Finance Minister Arlene Foster MLA today told the Assembly, budget agreement was needed to keep delivering public services.
The Minister was speaking in the Assembly on the Supply Resolutions’ debate which is the first stage in the legal process to agree the Budget Bill.
Leading the Assembly debate the Minister said: “Today’s debate is about securing the cash and resources needed to provide key public services for everyone in Northern Ireland. Over £8.3 billion of cash and over £9 billion of resources is needed to deliver health services, education, jobs and other public services as well as the expenditure needed to pay benefits and pensions.
“This Budget Bill is predicated on the Executive’s already agreed 2015-16 Budget which requires all parties to honour commitments made in the Stormont House Agreement. Progressing this Bill ensures that our public services continue to be funded through this financial year.
“We will be able to allocate almost half of our budget to much needed health services. This includes some £3.8 billion of funding directly to our Health and Social Care Trusts and around £700 million on general medical and pharmaceutical services.
“We can deliver for our children and young people, allocating a quarter of our budget to schools, colleges, universities and other education services that will raise standards and help learners fulfil their full potential.

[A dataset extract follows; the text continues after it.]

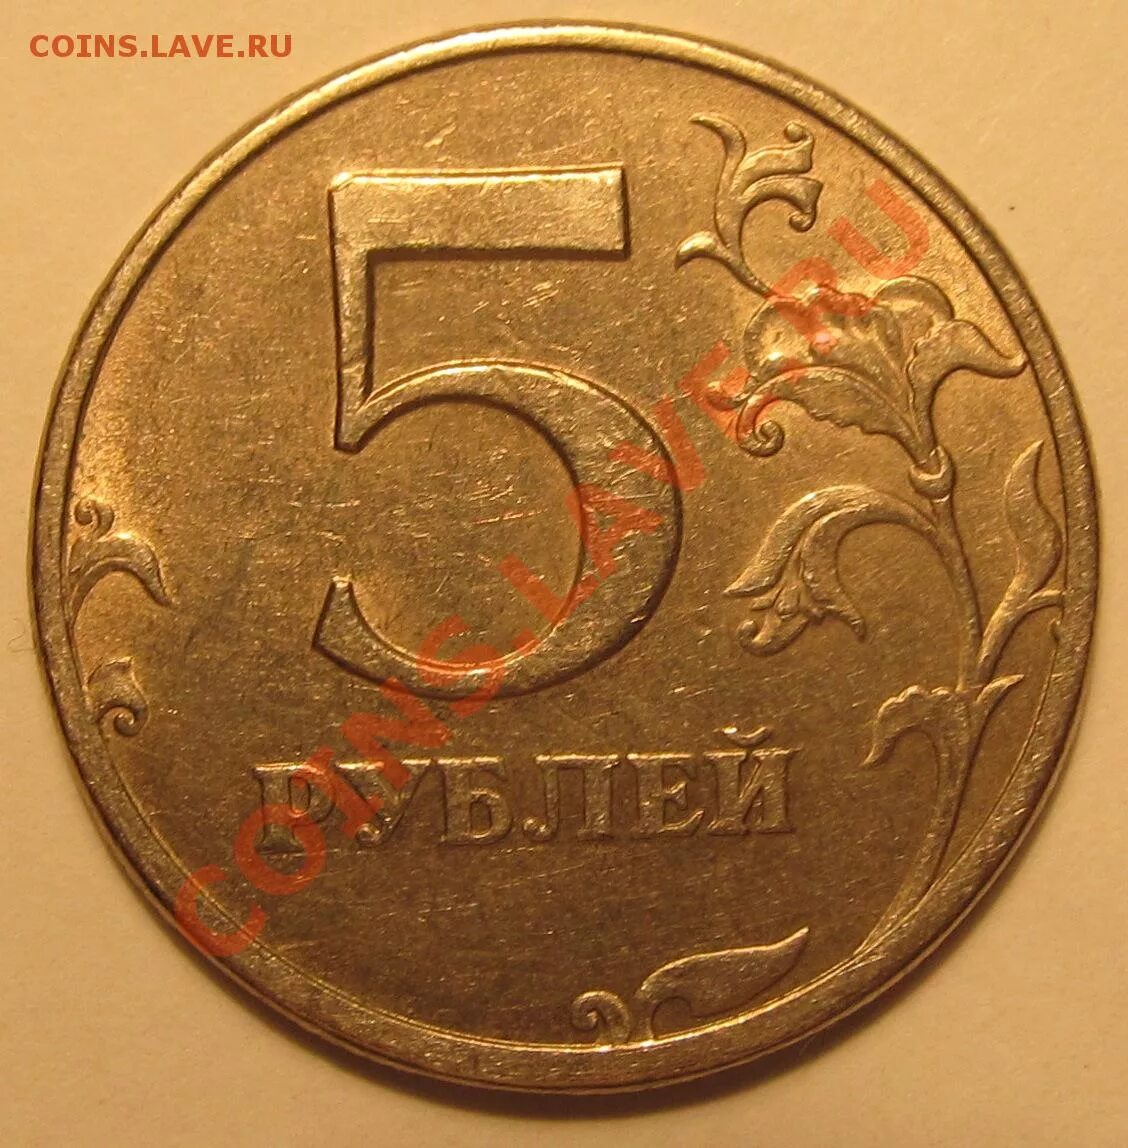 Монета 5 рублей спмд. 5 Рублей 1998 СПМД -шт. 2.21-2.22. Бракованная 5 рублей 1997 года. Монеты 2005 5$. 2 Рубля 1997 СПДМ золото.

We will provide more than £2.1 billion of funding to run our schools; almost £400 million of funding to support our universities and colleges and £266 million in student support.
“This budget will allow us to continue to build on the 9,410 jobs created by Invest NI last year and develop our economy through a focus on export-led growth.”
The Minister warned: “Failure to agree these spending plans would put the delivery of our public services at significant risk.”
Arlene Foster said: “The context to this Budget Bill is far from business as usual. We must deliver on our commitments to implement welfare reform to obtain the budget flexibilities secured as part of the Stormont House Agreement.”
The Minister went on to explain: “The current public expenditure position facing this Assembly has never been more difficult. In its 2015-16 Budget, the Executive has had to impose cuts to most Departmental budgets and with financial pressures mounting across a range of public services this has led to difficult decisions across the board.”
Arlene Foster said: “I would much rather have presided over a ‘give-away’ budget where the Executive had the luxury of deciding what new services to introduce, rather than what services to cut.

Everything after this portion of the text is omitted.